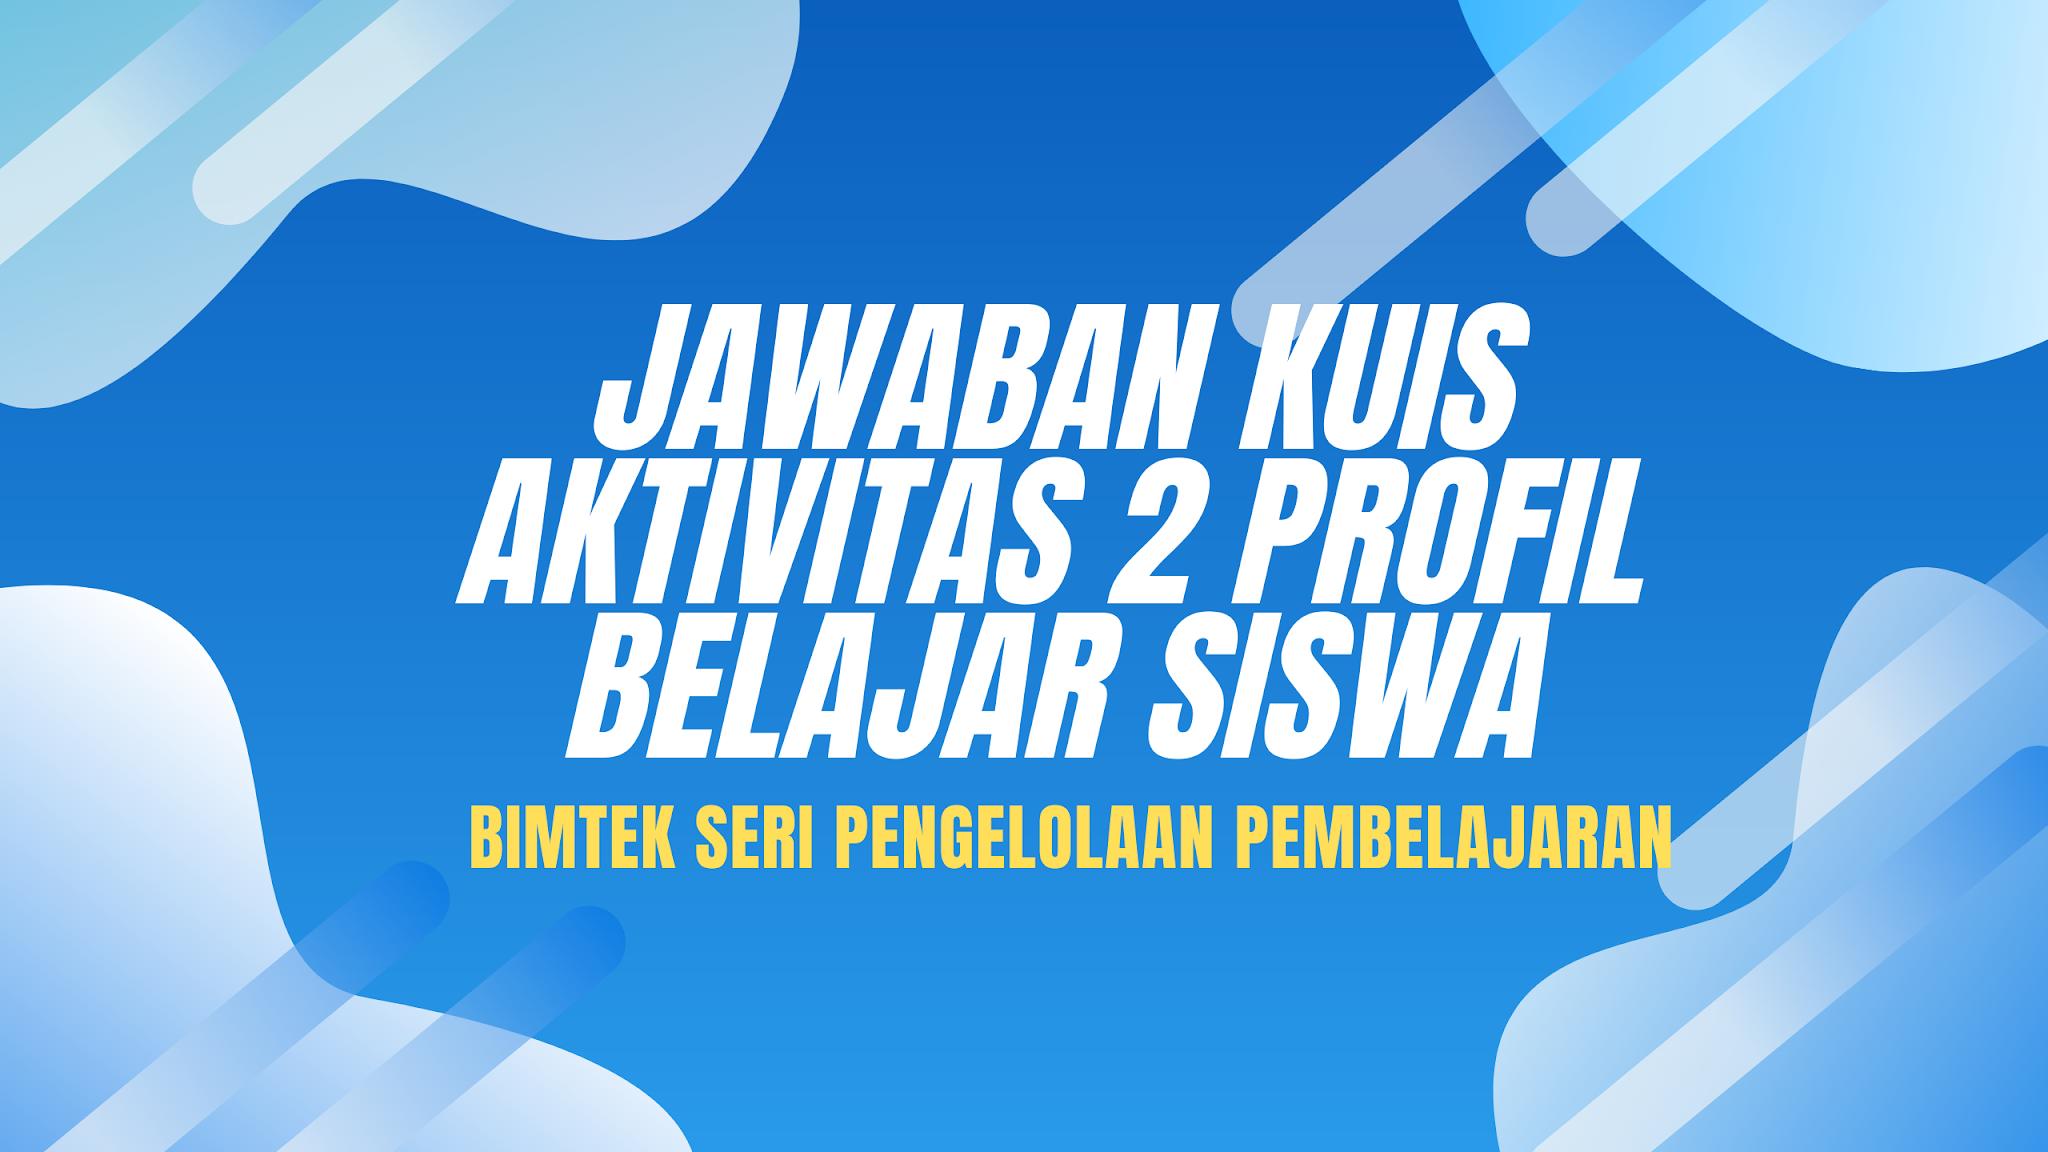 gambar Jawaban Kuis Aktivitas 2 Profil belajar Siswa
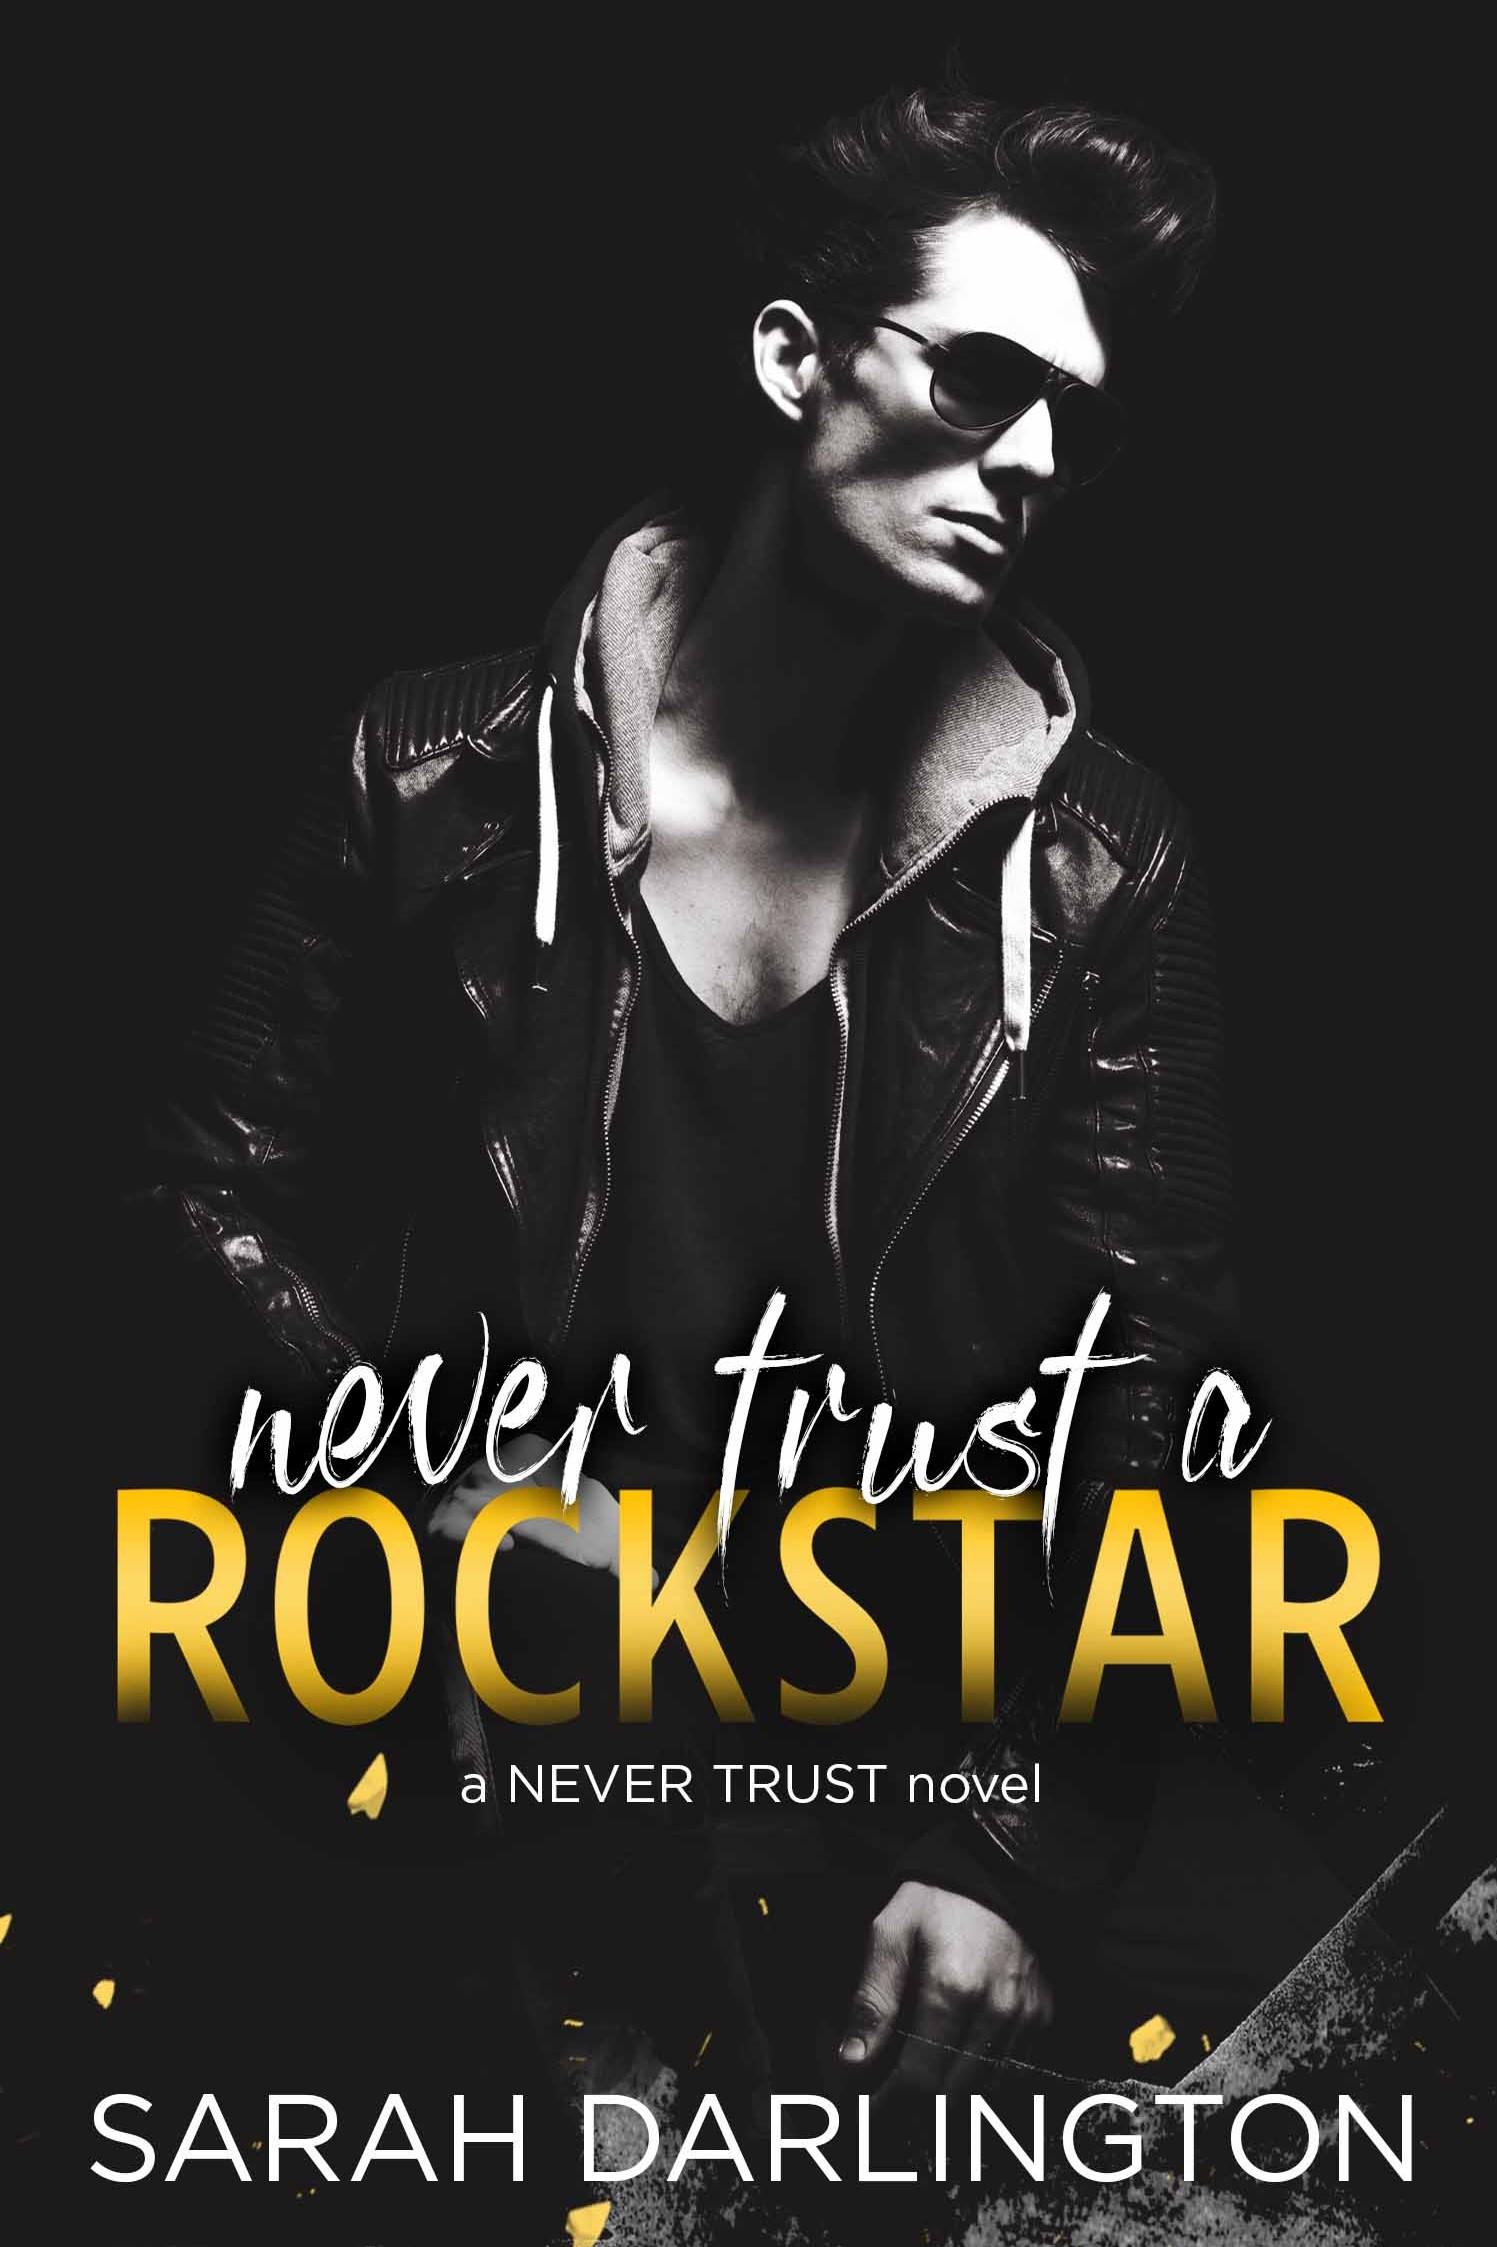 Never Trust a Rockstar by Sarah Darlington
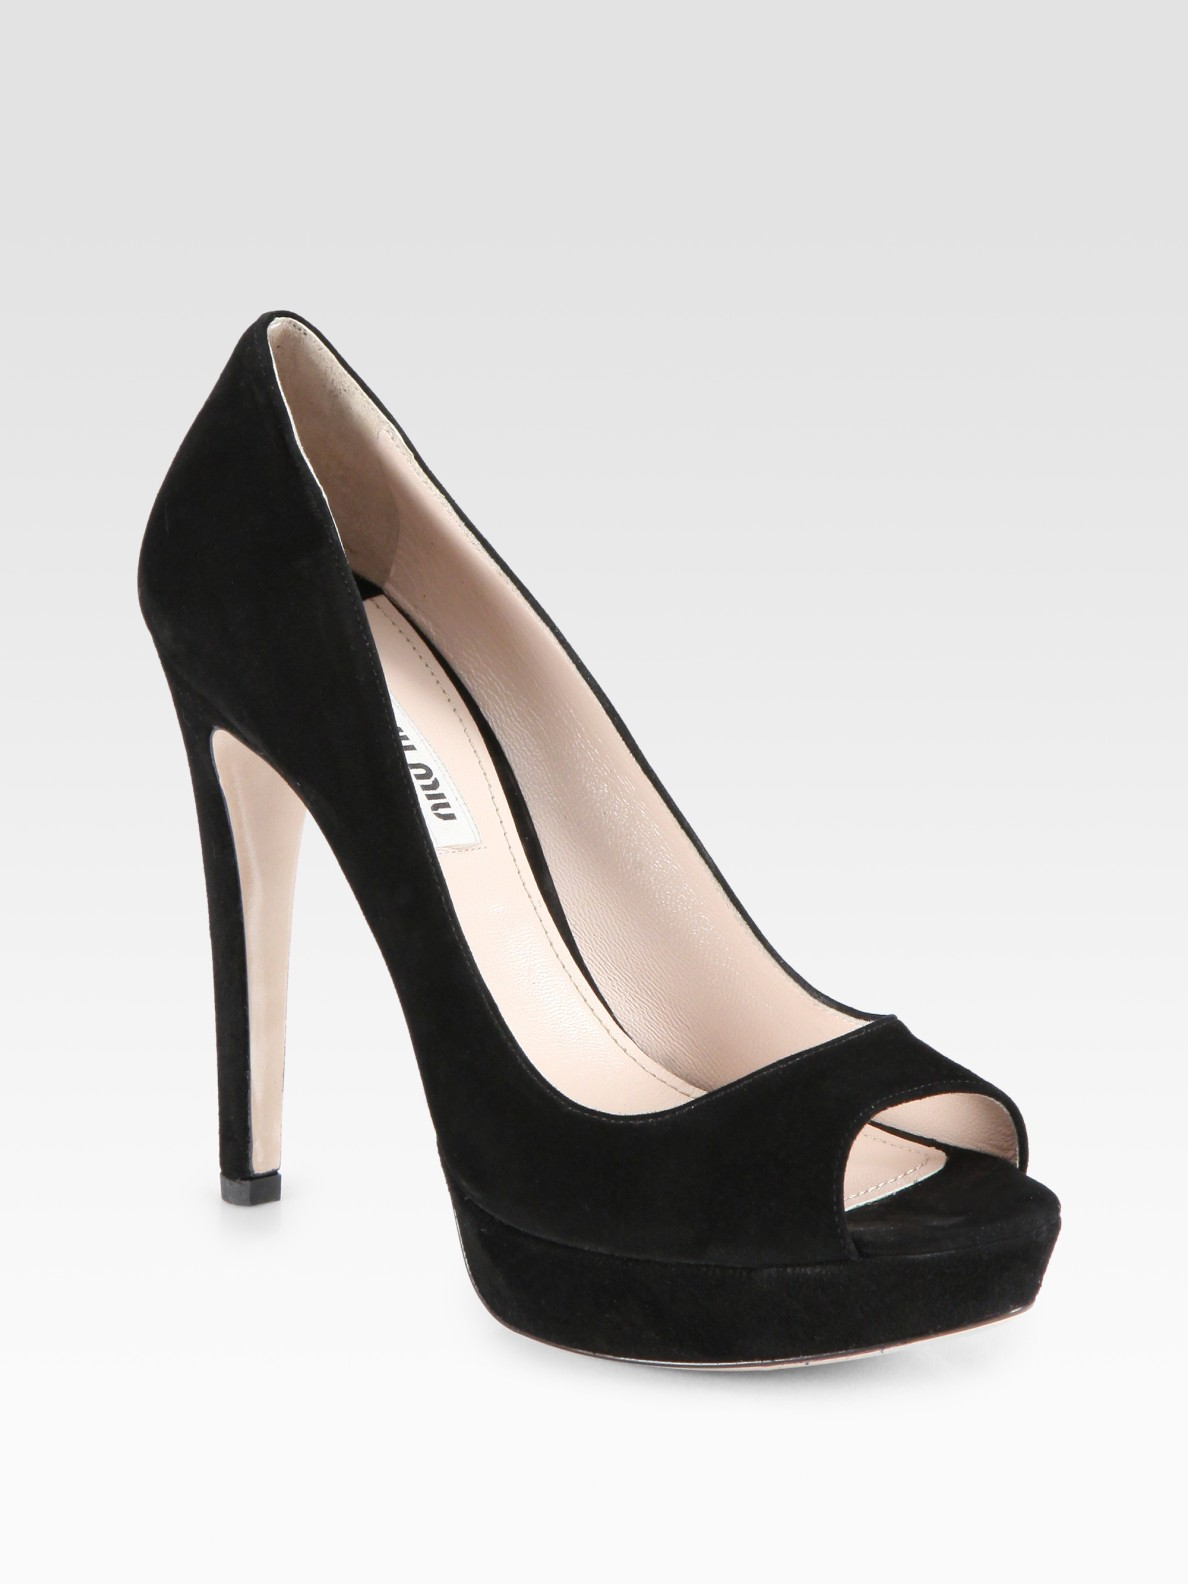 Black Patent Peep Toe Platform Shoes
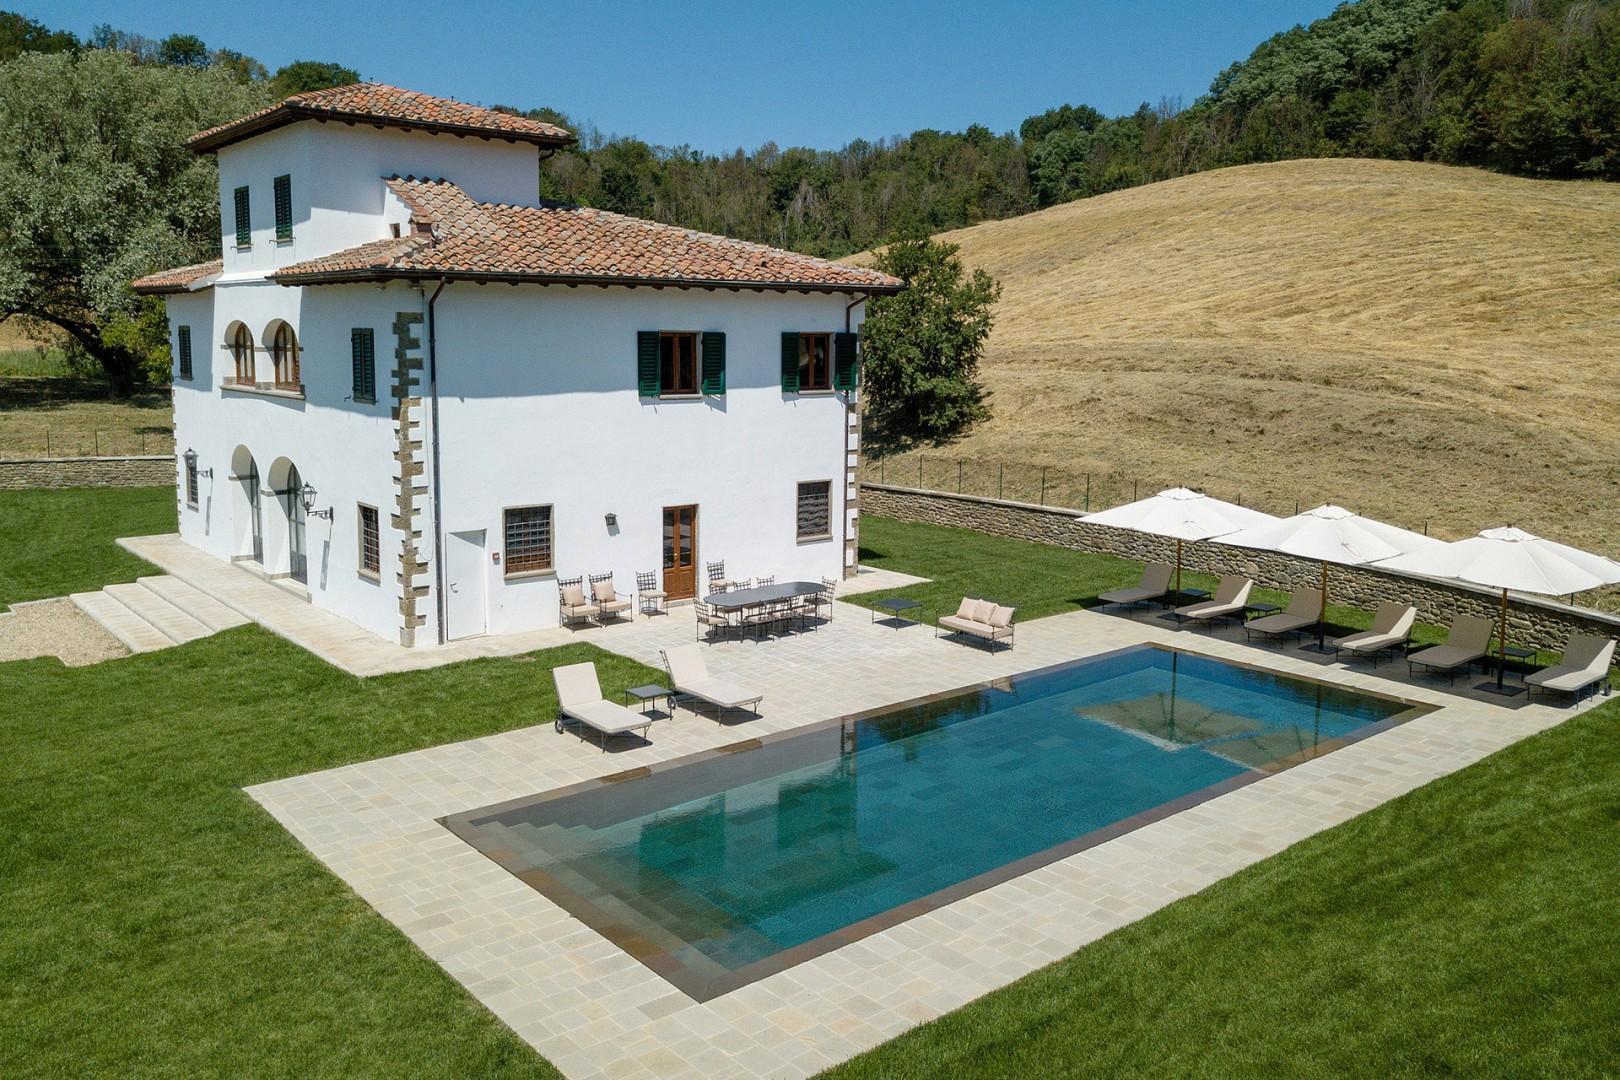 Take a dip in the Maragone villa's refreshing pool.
________________________________________
> [Work task]
Could you return, word for word, every line from the line with "Black Patent Peep Toe Platform Shoes" through the last line of the listing above, both ends included, without any pictures?

> [Response area]
 Black Patent Peep Toe Platform Shoes
 Take a dip in the Maragone villa's refreshing pool.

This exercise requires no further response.